A Letter to My Past Self
Mariam Elhouli
9/21/20252 min read
A Letter to My Past Self
Tonight, I stupidly scrolled aimlessly through endless reels, with no purpose other than trying to wind down after a massive work week. Twenty minutes later, my mind pulled me somewhere entirely unexpected—a corner of my childhood I hadn’t visited in years.
Jolting out of my scrolling trance, I grabbed my pencil and bedside journal. I began writing, letting the memories spill onto paper before my mind could tuck them back into the black box I keep deep in my heart.
I don’t usually bring that box to the surface. Many things inside it are too raw to face, no matter how much I think I’m ready.
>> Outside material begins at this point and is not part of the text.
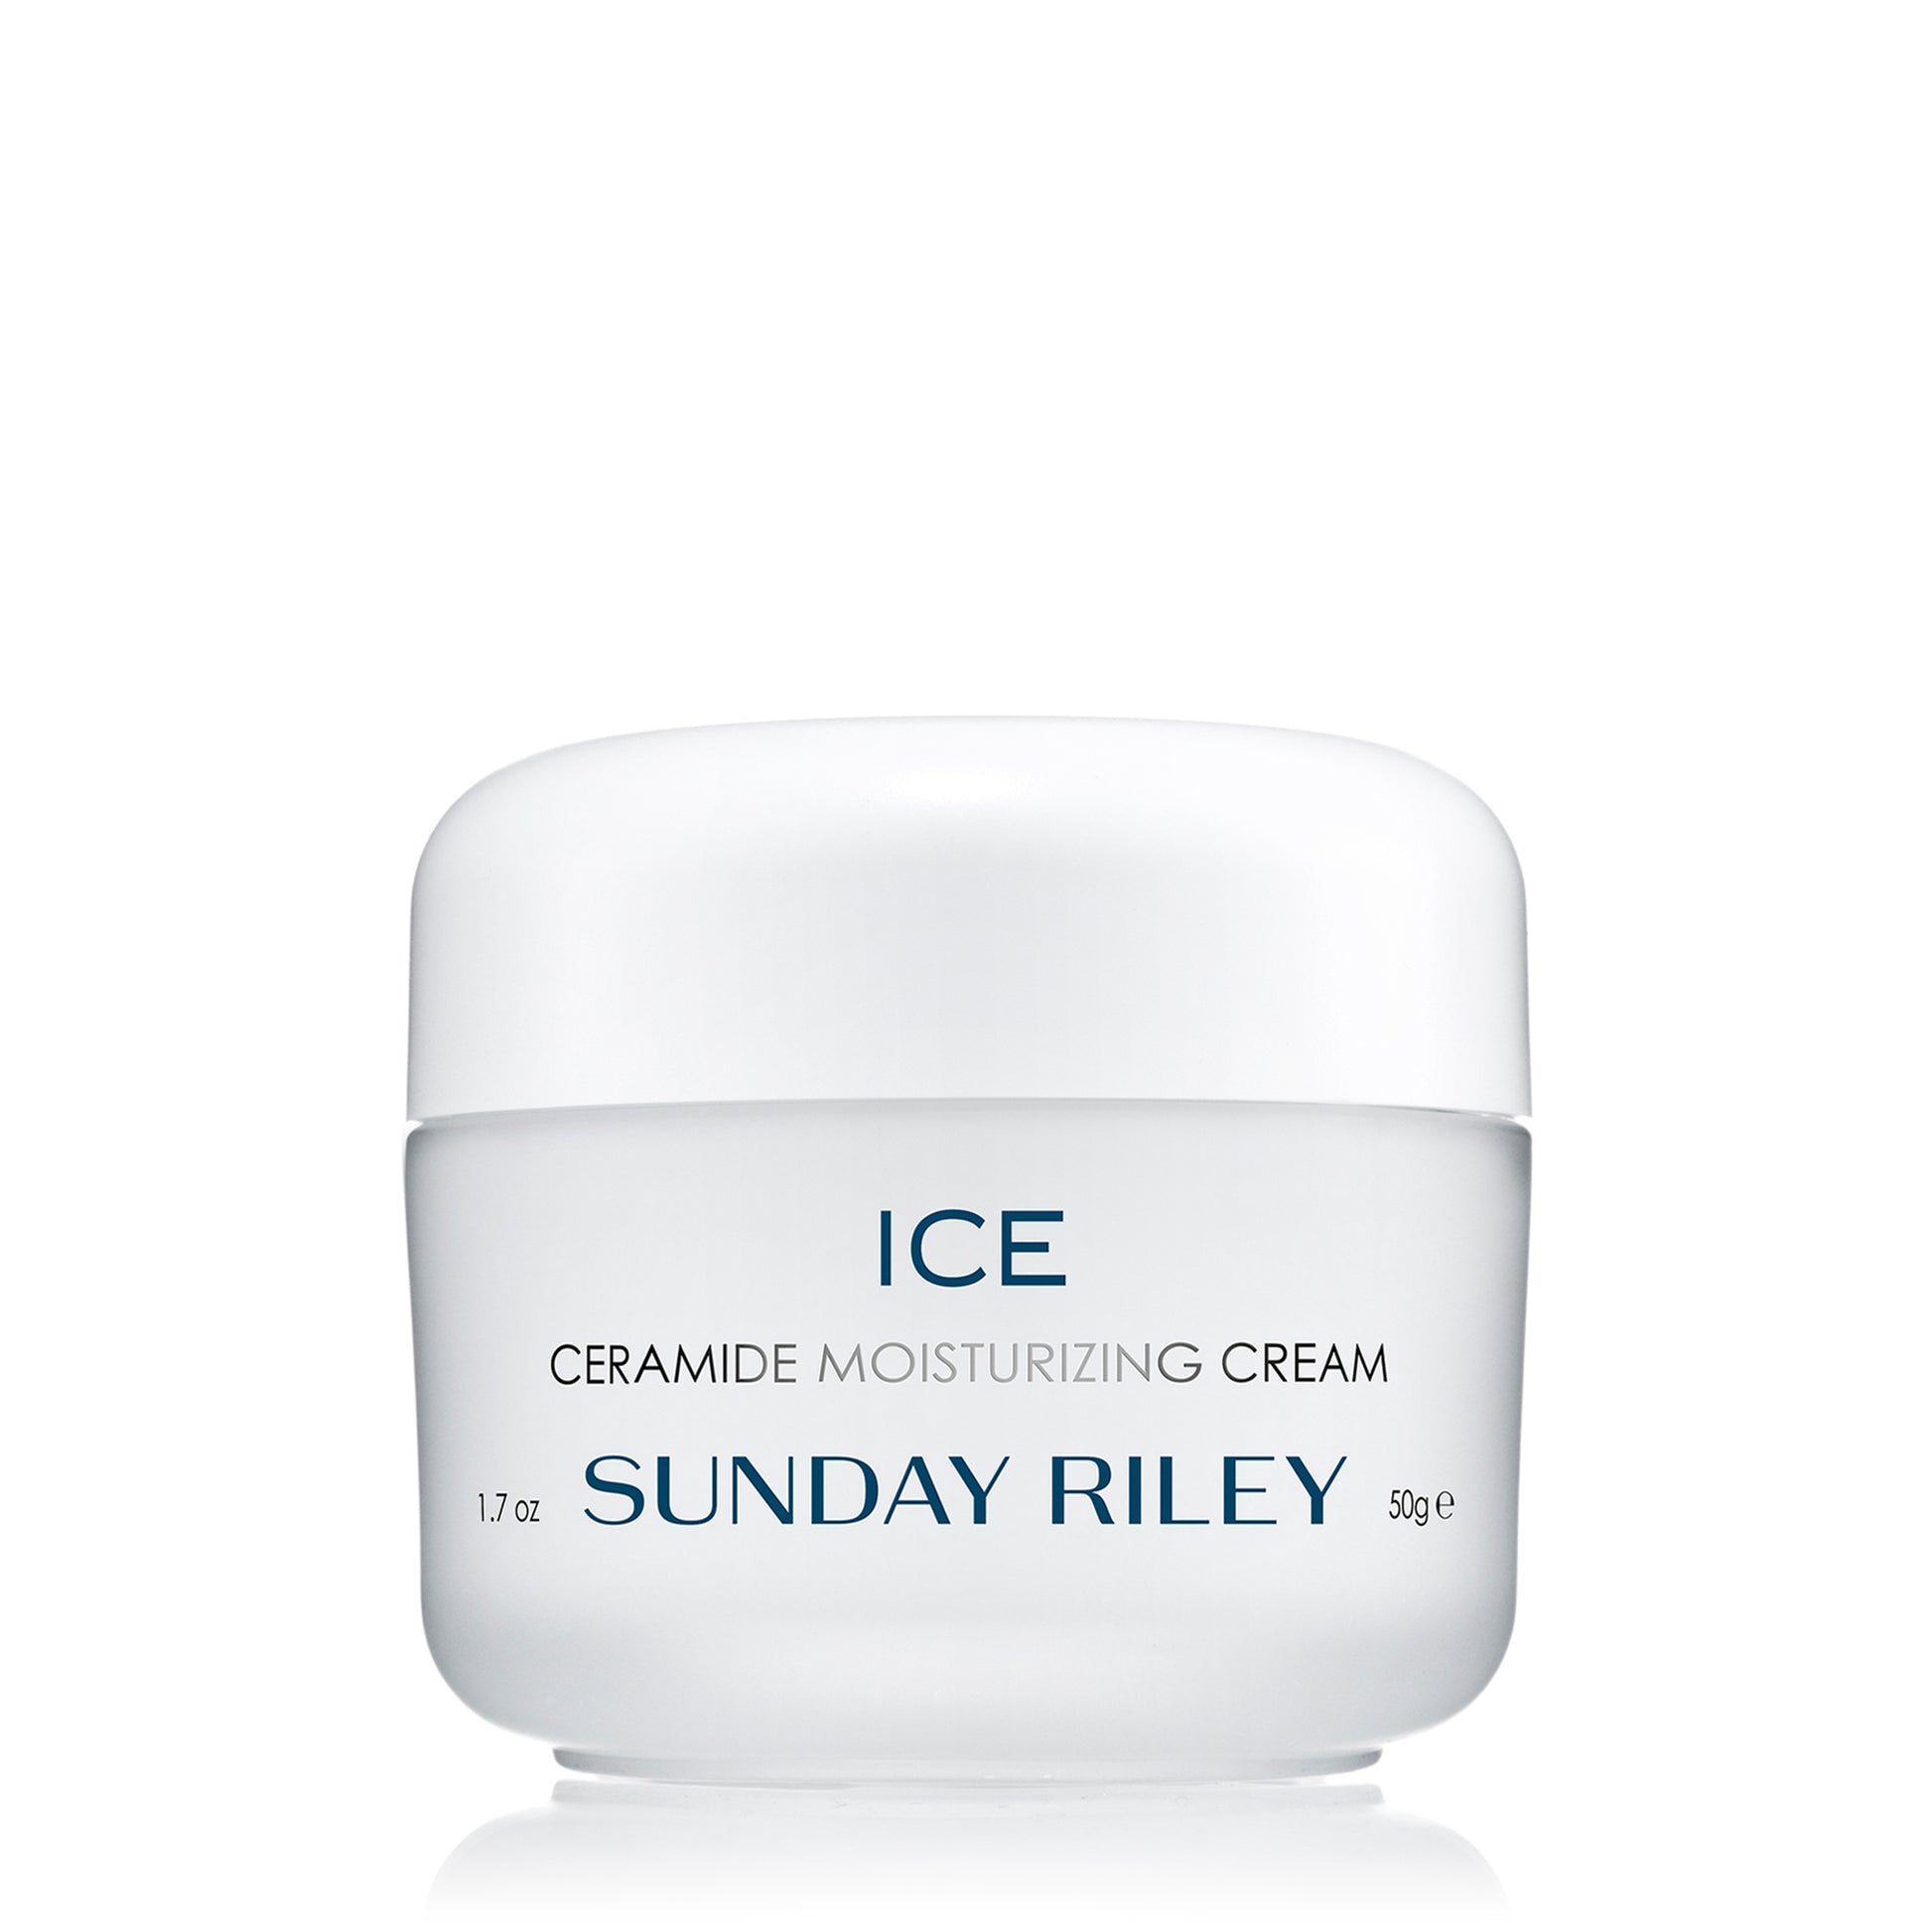 Ice Ceramide Moisturizing Cream, packaged in white frosted glass jar with white lid Edit alt text

And yet, these memories came uninvited, slipping through the cracks of my consciousness.
I let the emotions wash over me, untangling each one carefully but without judgment. I analyzed them almost as if they didn’t belong to me—as if I were a stranger reading someone else’s story.
It was uncomfortable, yes. Vulnerable. Exposing. But it was also freeing.
I realized that the memories in my black box are not meant to hold me hostage. They are pieces of a journey that shaped me, moments I needed to survive rather than dwell on endlessly. By acknowledging them, I could release them. Free them. Free myself.
So I wrote a letter to my past self.
If I could write to you now, I would say this:
I see you. Even the scared, confused, chaotic parts of you that you tried to hide.
I forgive you for the mistakes, the self-doubt, the nights of loneliness you endured.
You are not broken. You are learning, growing, surviving—and one day, all the chaos you feel will become part of your strength.
The chaotic mind that frustrates you now? That restless, racing, overthinking mind? It will carry you forward. It will let you feel deeply, create boldly, and connect with others in ways no one else can.
Pulling these memories from the depths, facing them head-on, reminded me that growth doesn’t always come from control. Sometimes it comes from surrender.
Surrendering to the emotions
Surrendering to the chaos
Surrendering to the reality of the past
Only then can we step forward lighter, wiser, and more compassionate with ourselves.
To Anyone Reading This
If your mind pulls you back to memories you thought were long buried, don’t run. Don’t hide. Sit with them. Let the emotions flow, examine them as gently as you can, and then let them go.
Your past doesn’t define you—it shapes you. And your chaotic mind, though messy, is the tool that will help you untangle, understand, and ultimately thrive.